6. Defend against the Lottery Mentality
Many plaintiffs and many attorneys believe that every motor carrier case is their
road to riches. Motor Carriers are required by law to carry significant insurance coverage,
usually over $750,000. Those levels of coverage make many lawyers see dollar signs on
cases that only warrant cents. The insurance coverage combined with the mere presence
of a big truck leads to unrealistic expectations on the part of plaintiffs and their attorneys.
Defense counsel must be prepared to address those misconceptions with the mediator and
plaintiffs. Counsel must be prepared to remind the parties that the injuries are what
determine the value of the case, not necessarily the mechanism of injury. A $50,000
injury is only worth $50,000, regardless of the fact that a truck with $1,000,000 in
insurance coverage caused the wreck. Every trucking case is not a punitive damage case.
The plaintiff must be made to understand that the motor carrier’s insurer is experienced in
trying trucking cases, and that there is no novelty in doing so from their perspective.
Jury verdict research is an important tool for use by the defense counsel in
educating his clients, the mediator, opposing counsel, and the plaintiff.
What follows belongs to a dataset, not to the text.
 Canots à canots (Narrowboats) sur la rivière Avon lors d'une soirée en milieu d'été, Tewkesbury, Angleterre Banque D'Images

Many resources,
including the Fulton Daily Report, provide synopsis of verdicts statewide. Those are
invaluable in “proving” the value of a case.
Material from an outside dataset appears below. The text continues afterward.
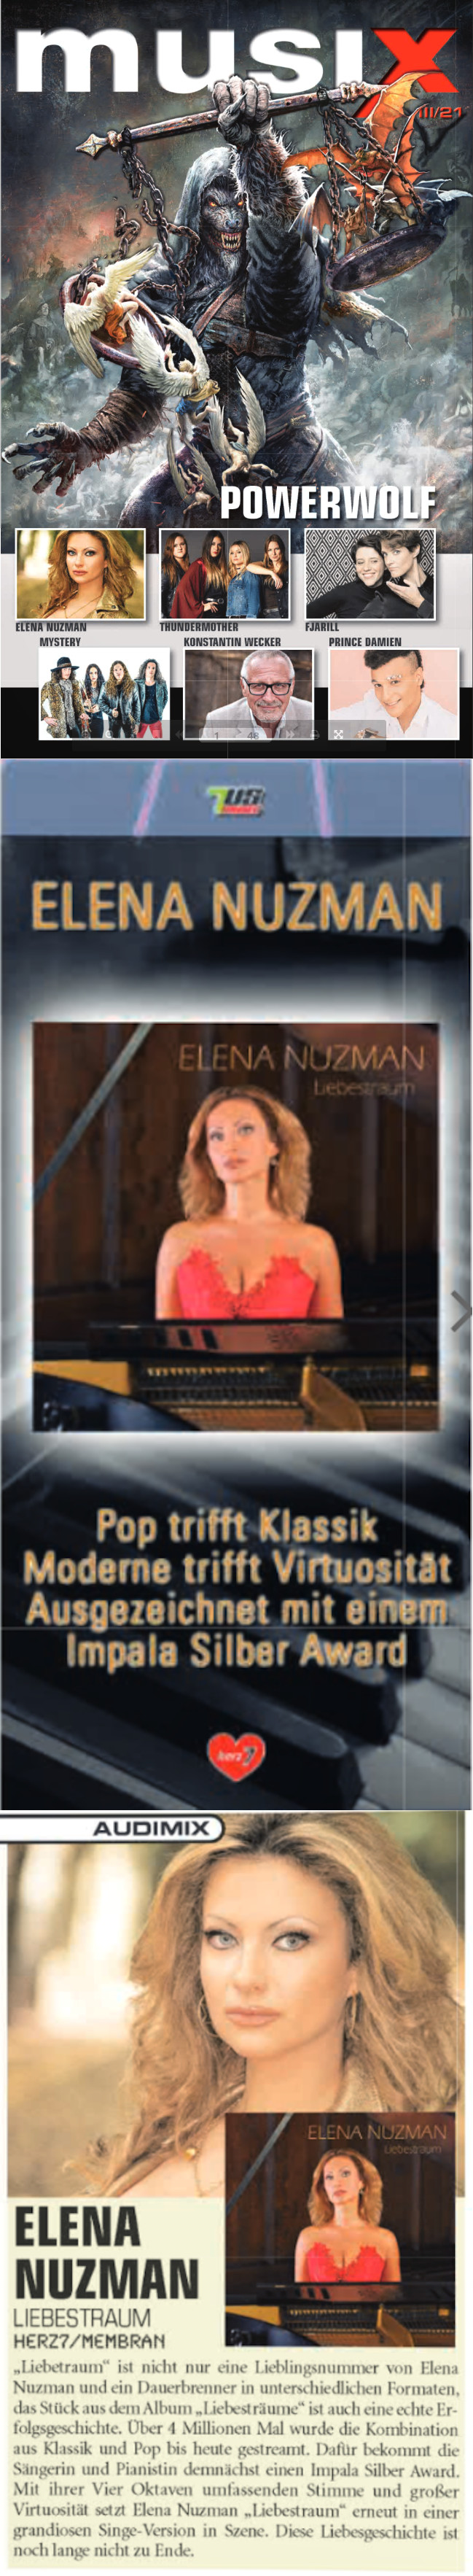 Elena Nuzman - musix.de - epaper - July 2021

7. Have Settlement Authority
It is essential for a person with appropriate settlement authority to be present or
available at mediation. I prefer to have them there in person. If not there in person, have
them participate by speaker phone. However, it is imperative that the people who make
the decision have sufficient authority to settle the case if appropriate. No case ever settled
with inadequate settlement authority participating at the mediation.
8. Mediation Strategy
It is important for the defense counsel to discuss general mediation strategy with
the insurer or motor carrier claim person before the mediation. Because most claim
persons involved in motor carrier claims have a high level of claims experience and
sophistication, they will many times insist on doing all of the negotiation themselves.
Usually, they will discuss in general terms the input they desire from defense counsel.
Regardless of the manner of negotiation, it is important for there to be lines of authority
set forth before commencement of the mediation.
9. Be Prepared to Say NO
In motor carrier cases, it arises more often than in other cases that the settlement
demands are beyond what the carrier is prepared to pay to settle the case. The carrier and
counsel must be prepared to respectfully decline to continue to negotiate where it appears
that no progress is being reasonably made at mediation. The motor carrier must be
prepared to impress upon the plaintiff and his counsel their willingness to try the case.
Many cases settle in the days after mediations when the parties have had an opportunity
to reconsider their positions upon cool reflection.